The Owyhee is an escape from typical river running. Not only is it an escape from the modern world, but it is also an escape from the escape. Even if you only experience it once in a lifetime, the sheer wildness of the Owyhee Canyonlands is something any wilderness enthusiast would cherish. A rafting trip in the upper stretches will be relentlessly trying – it is extremely rare to float the East Fork with only one portage, as it is much more likely to battle low water than big water. On our trip, we faced rain, snow, bitter wind, portages, and lining. We were rewarded with Mountain Sheep viewing in the sunshine at a place aptly named on a BLM map “Heaven’s Window.”

Jon Green Floating Through Lambert Gorge photo: Shane Moser

Don’t come without an adventurous spirit, but if you want to see ‘The West’ in its rawest form, please do come to Idaho’s Southwestern high desert. Your best chances for good rafting flows are between mid-April and the beginning of June. And the trip doesn’t have to last 17 days… Wilderness River Outfitters offers guided trips on different segments of the river, breaking the Owyhee into several shorter multi-day trips rather than one long one – all the way to the reservoir if you so choose. WRO also runs the Jarbidge/Bruneau segments, which typically run a week to a month later on in the season than does the Upper Owyhee. If you can be flexible with timing when booking such a trip, we can wait for the water and run custom trips when best timing presents itself.

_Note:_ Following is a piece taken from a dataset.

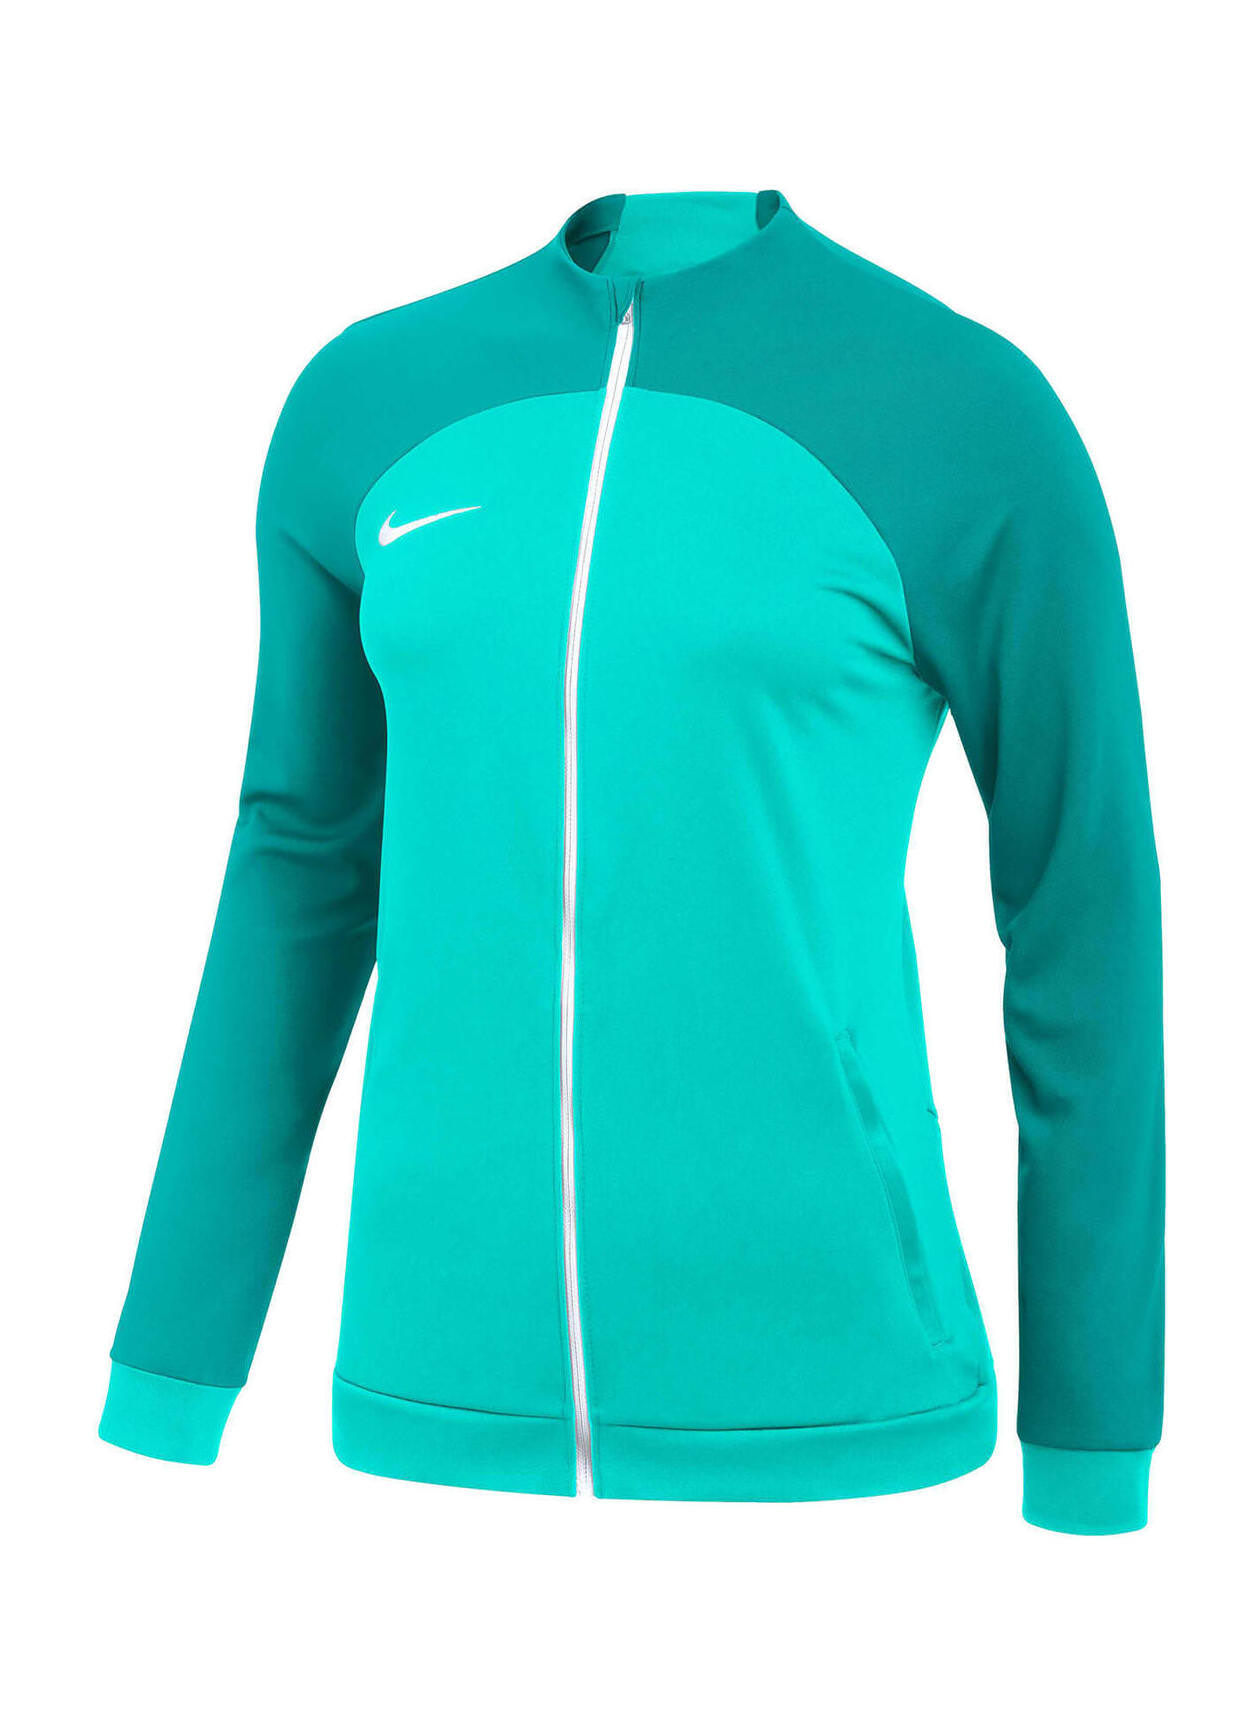 Nike Women's Hyper Turq / Washed Teal Dri-FIT Academy Pro Jacket

On an important side note, the watersheds of the Owyhee and Jarbidge/Bruneau historically held runs of native spawning Salmon and Steelhead. Dams have long since caused the extinction of those native runs of Idaho’s lifeblood, threatening the entire infrastructure of every ecosystem that used to hold spawning waters for the anadromous fish. If you understand anything about the natural cycle of Salmon and Steelhead, or the hydrologic cycle in the desert – or both – you will find it remarkable that there were actually strains of Pacific Salmon and Steelhead that made their way up the Columbia and Snake Rivers to spawn in the muddy, sandy tributaries of Idaho’s desert rivers. Even if you don’t understand much about the natural cycle, you may be interested in helping bring our wild runs back. Please check out “Running the Gauntlet,” a PBS documentary put together by an Idaho river guide.